Setting up backend storage
Docker is a great tool because it lets us deploy a number of tools fast and easy, plus it has a lot of official images, one of which is postgres. To run a postgres docker container there are a couple of things that we need to define, the basic syntax is:
docker run -d --name container-name \
-e POSTGRES_PASSWORD=mysecretpassword \
postgres
The only required environment variable is POSTGRES_PASSWORD
, the default user name is “postgres” and the default database name is whatever the user is, you can learn more about the docker image in the official documentation. This is good enough to get you started, but we suggest you declare at least a couple more arguments:
docker run -d -p 5432:5432 \
--name mlflow-backend \
--restart unless-stopped \
-e POSTGRES_USER=mlflow \
-e POSTGRES_PASSWORD=supersecretpassword \
-e POSTGRES_DB=mlflow \
postgres:14
Let’s break the command down:
-d
runs the container in detached mode-p
specifies port mappings, it’s always a good practice to specify this in case you want to specify a different port--name
gives our docker image a name to find it when using thedocker ps
command--restart unless-stopped
makes sure that our container is always up, even when rebooting the piPOSTGRES_USER
,POSTGRES_PASSWORD
andPOSTGRES_DB
are all postgres related variables. Make sure to choose a good password.postgres:14
the name of the image to use, it’s always a good practice to specify the tag you want to use, in case the latest version of the image has breaking changes.

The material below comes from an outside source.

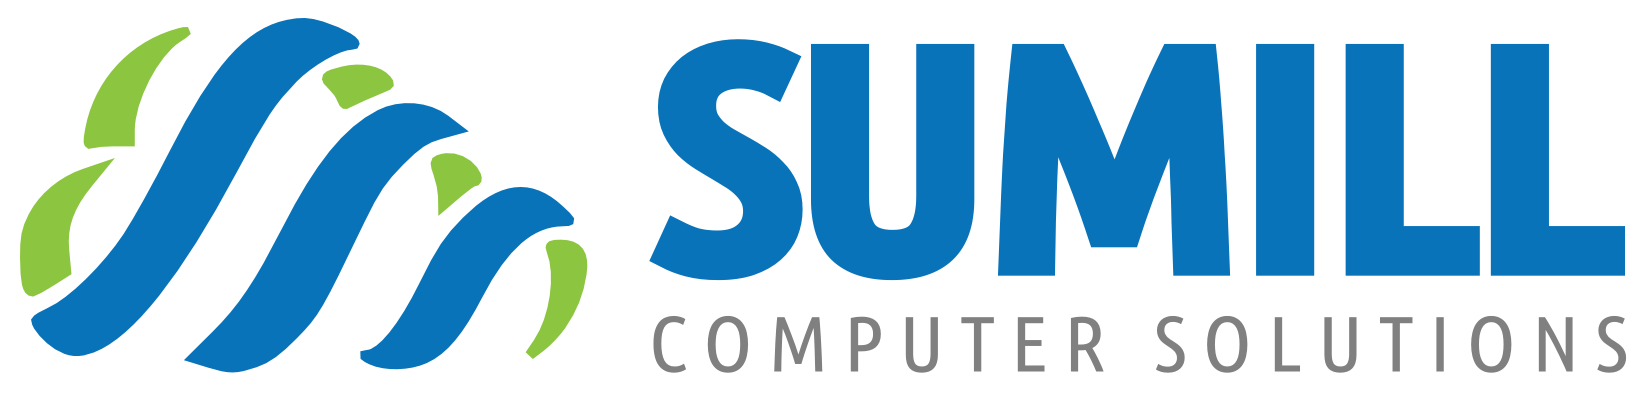 SUMILL COMPUTER SOLUTIONS INC.

(Optional) Set up s3 artifact storage
This is an optional step to use s3 as our artifact storage, we’ll be setting up 3 things:
- S3 bucket
- aws user with access to the bucket
- aws cli credentials in the raspberry pi
Creating s3 bucket
In your aws console go to the s3 console, you can use the search bar or in the “All services” part of the console. Once in the s3 console click on the “Create bucket” button.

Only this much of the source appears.